***** DATASET SECTION

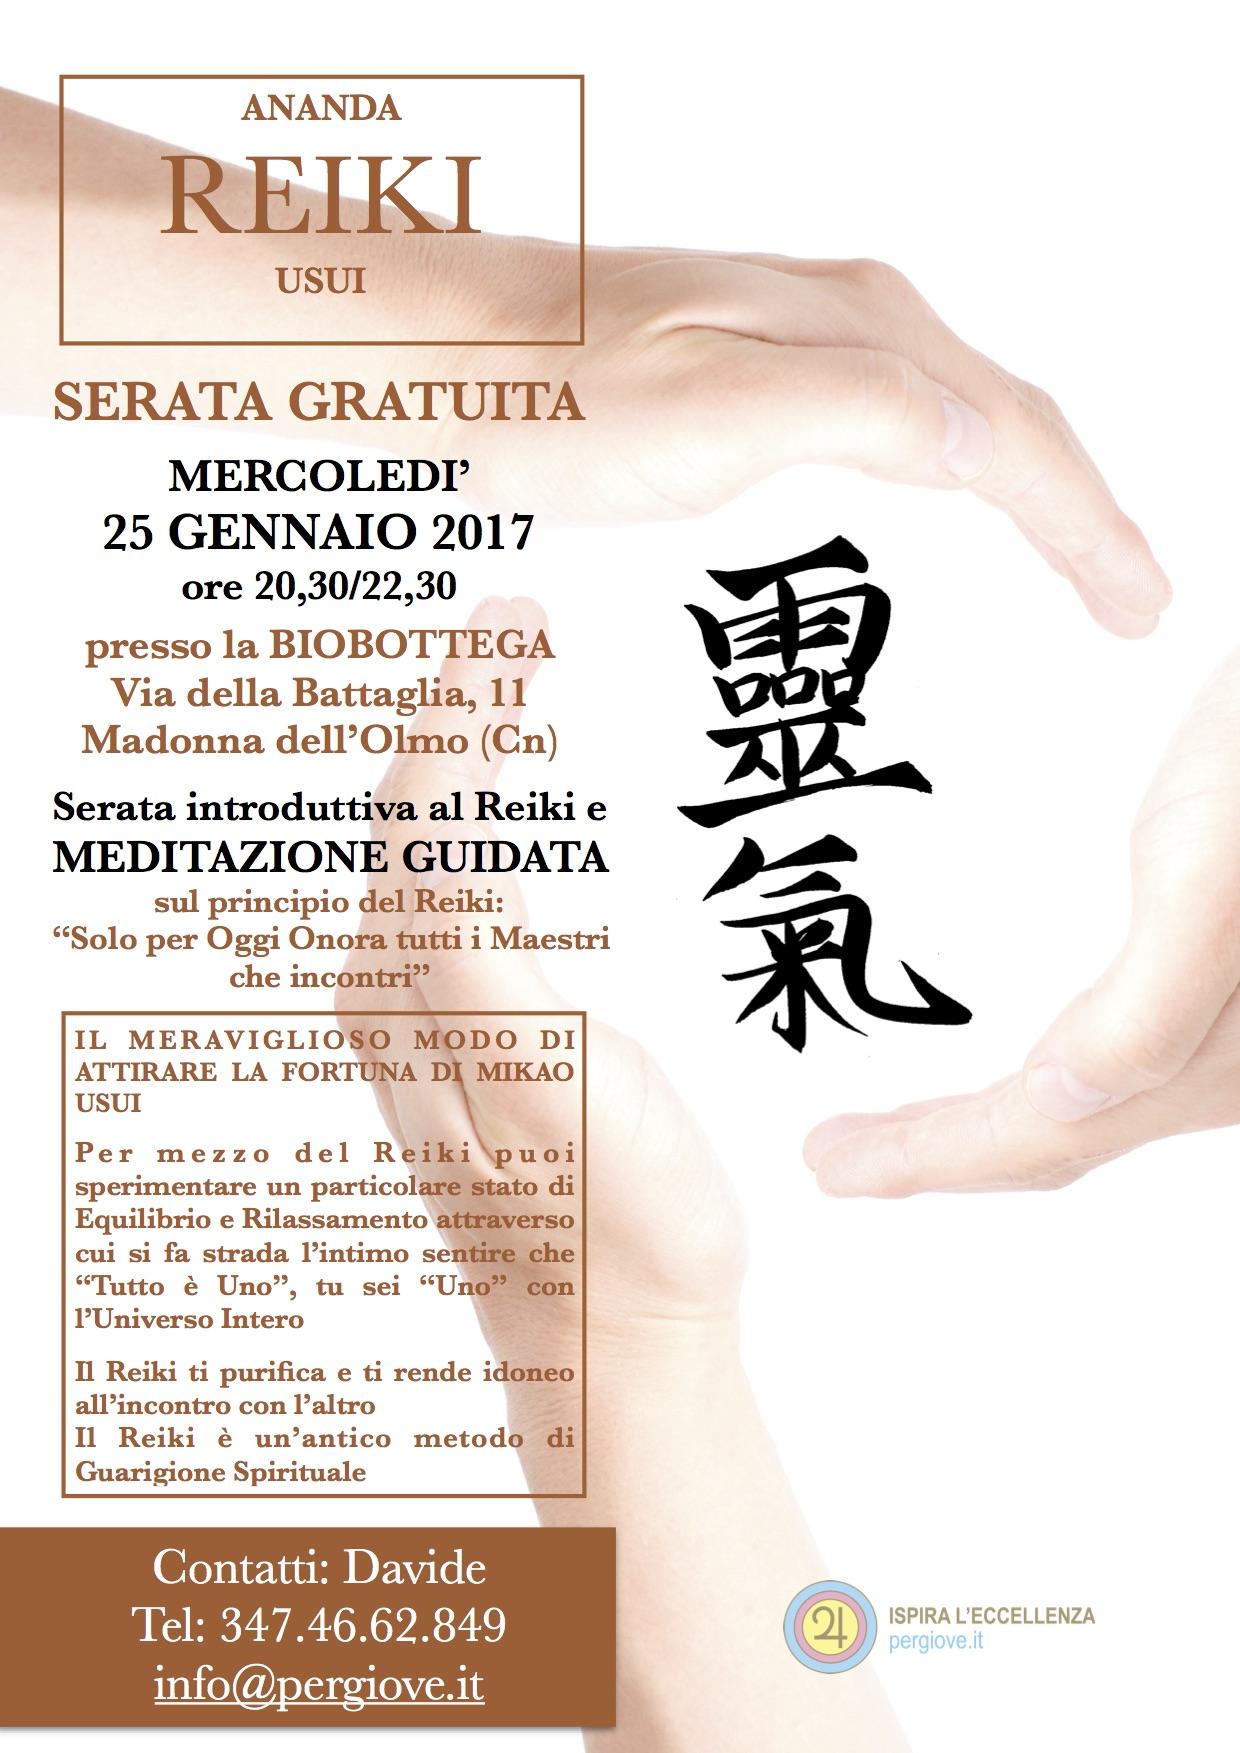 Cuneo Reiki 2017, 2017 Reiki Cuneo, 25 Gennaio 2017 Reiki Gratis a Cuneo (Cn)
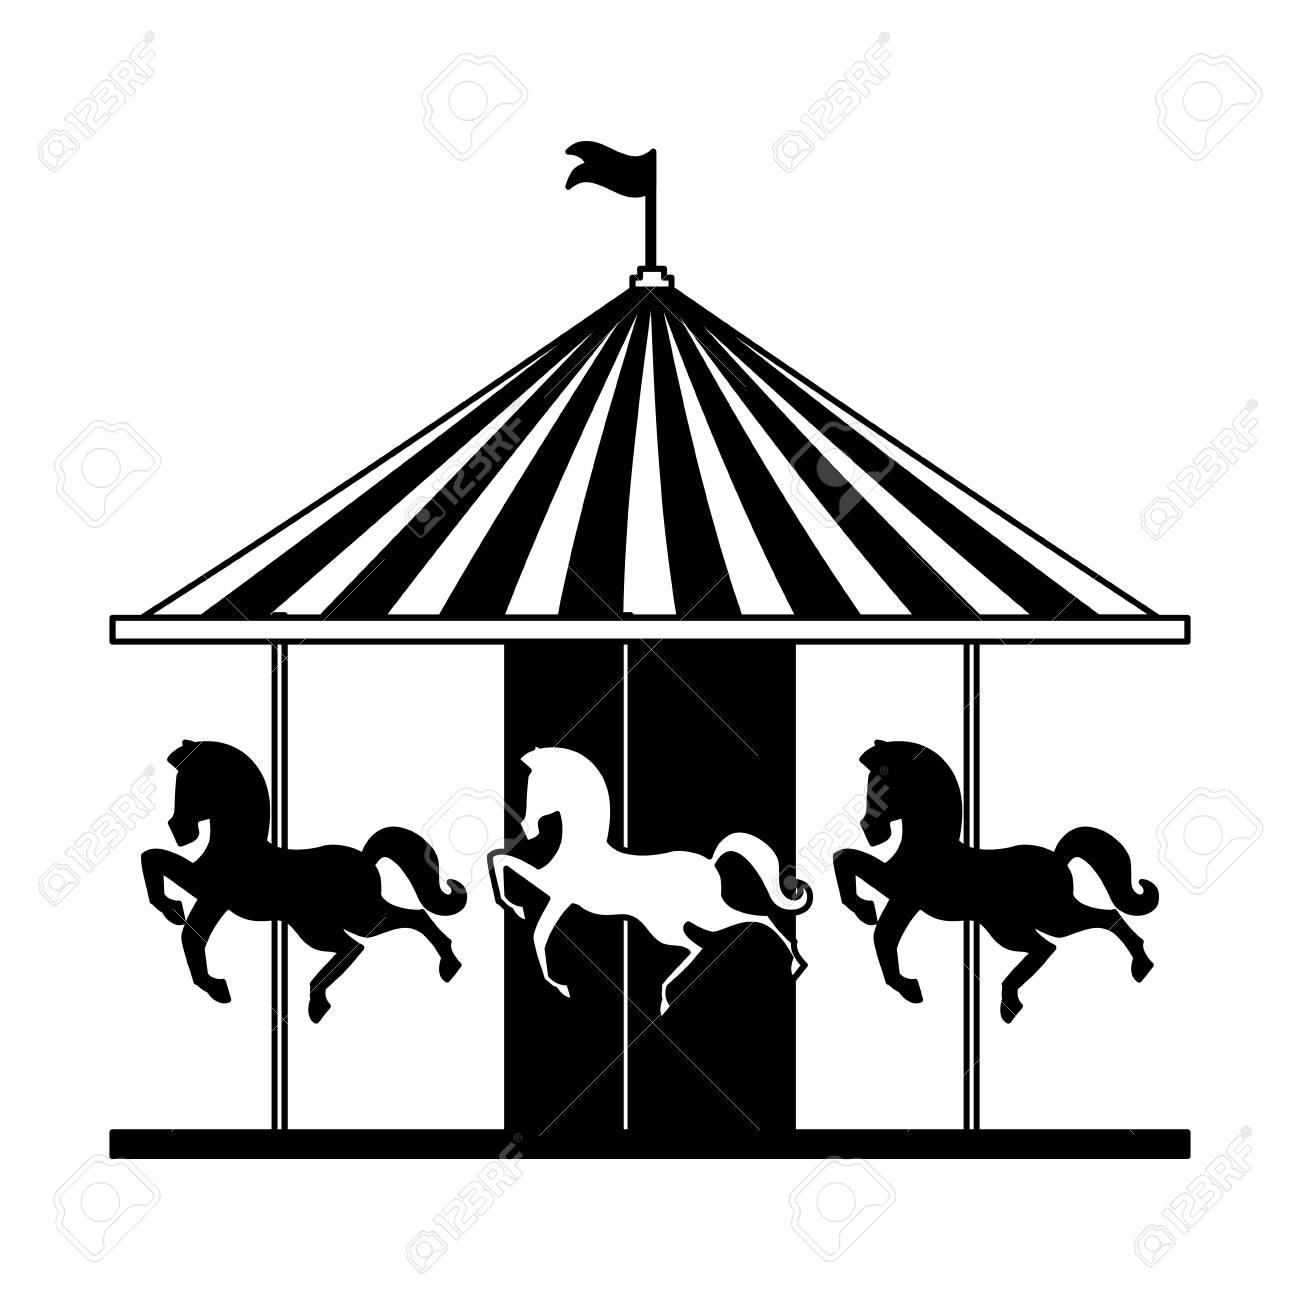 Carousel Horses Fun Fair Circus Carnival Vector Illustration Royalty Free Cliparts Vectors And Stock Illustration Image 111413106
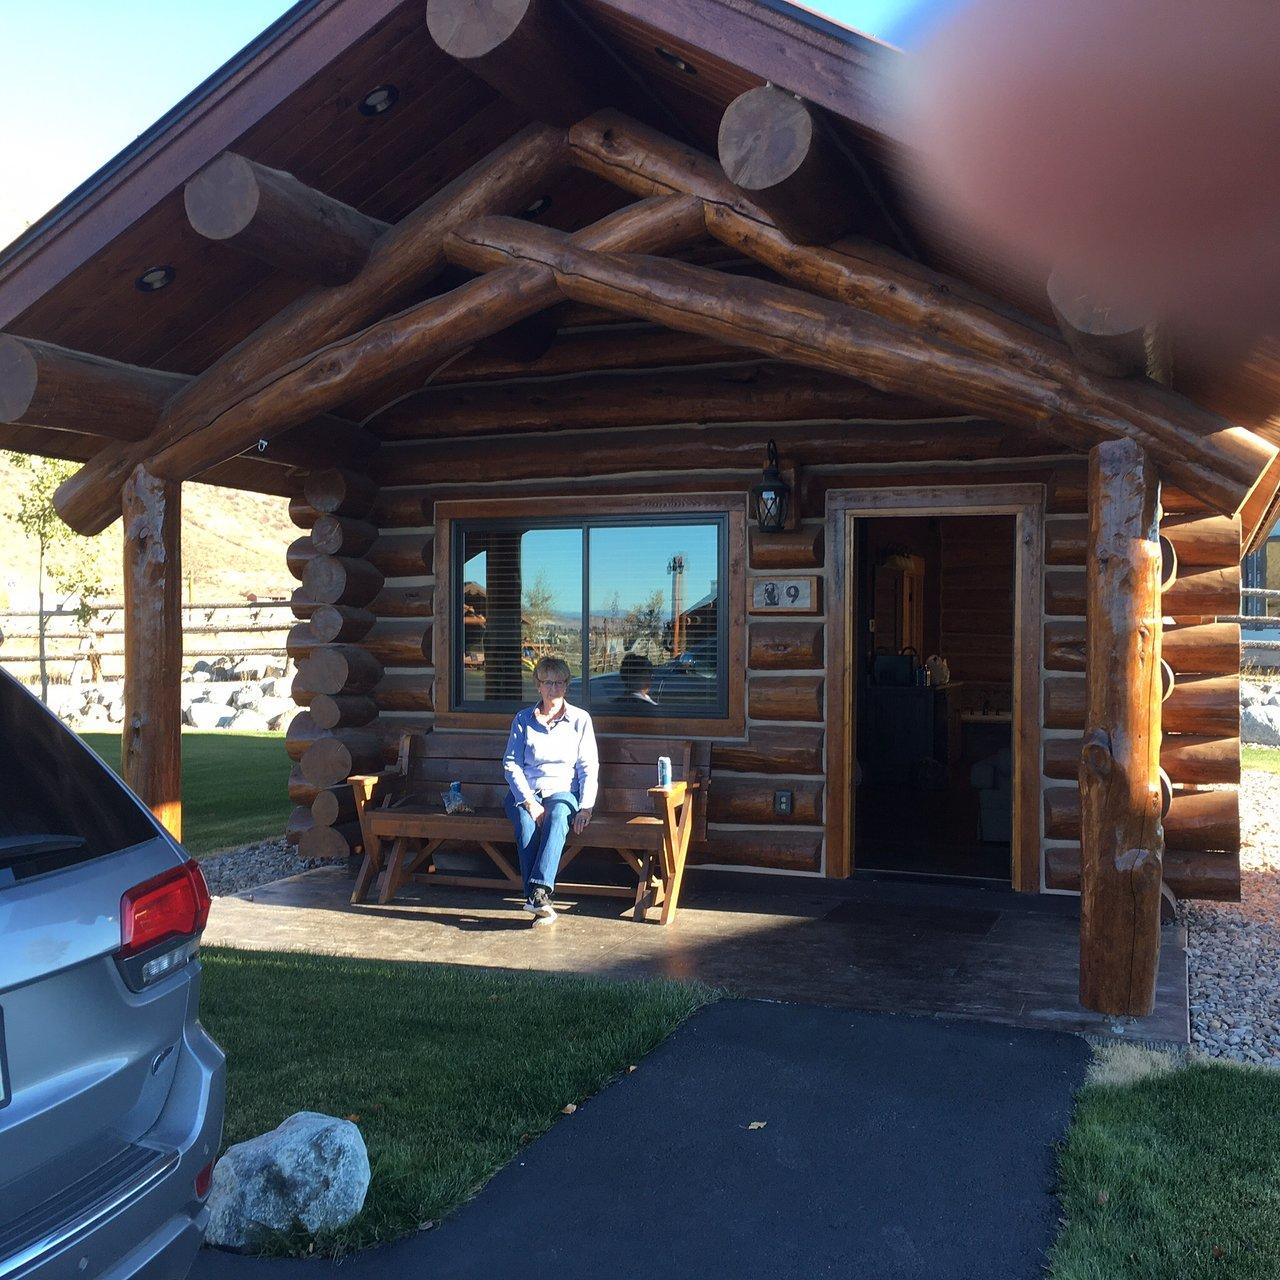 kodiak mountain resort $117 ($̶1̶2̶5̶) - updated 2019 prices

**********

▶ ASSIGNMENT:
Each line from the one containing "Carousel Horses Fun" to the final line of the data must be printed exactly, both included, with nothing else and no pictures.

▶ RESULT OF THE TASK:
 Carousel Horses Fun Fair Circus Carnival Vector Illustration Royalty Free Cliparts Vectors And Stock Illustration Image 111413106
 kodiak mountain resort $117 ($̶1̶2̶5̶) - updated 2019 prices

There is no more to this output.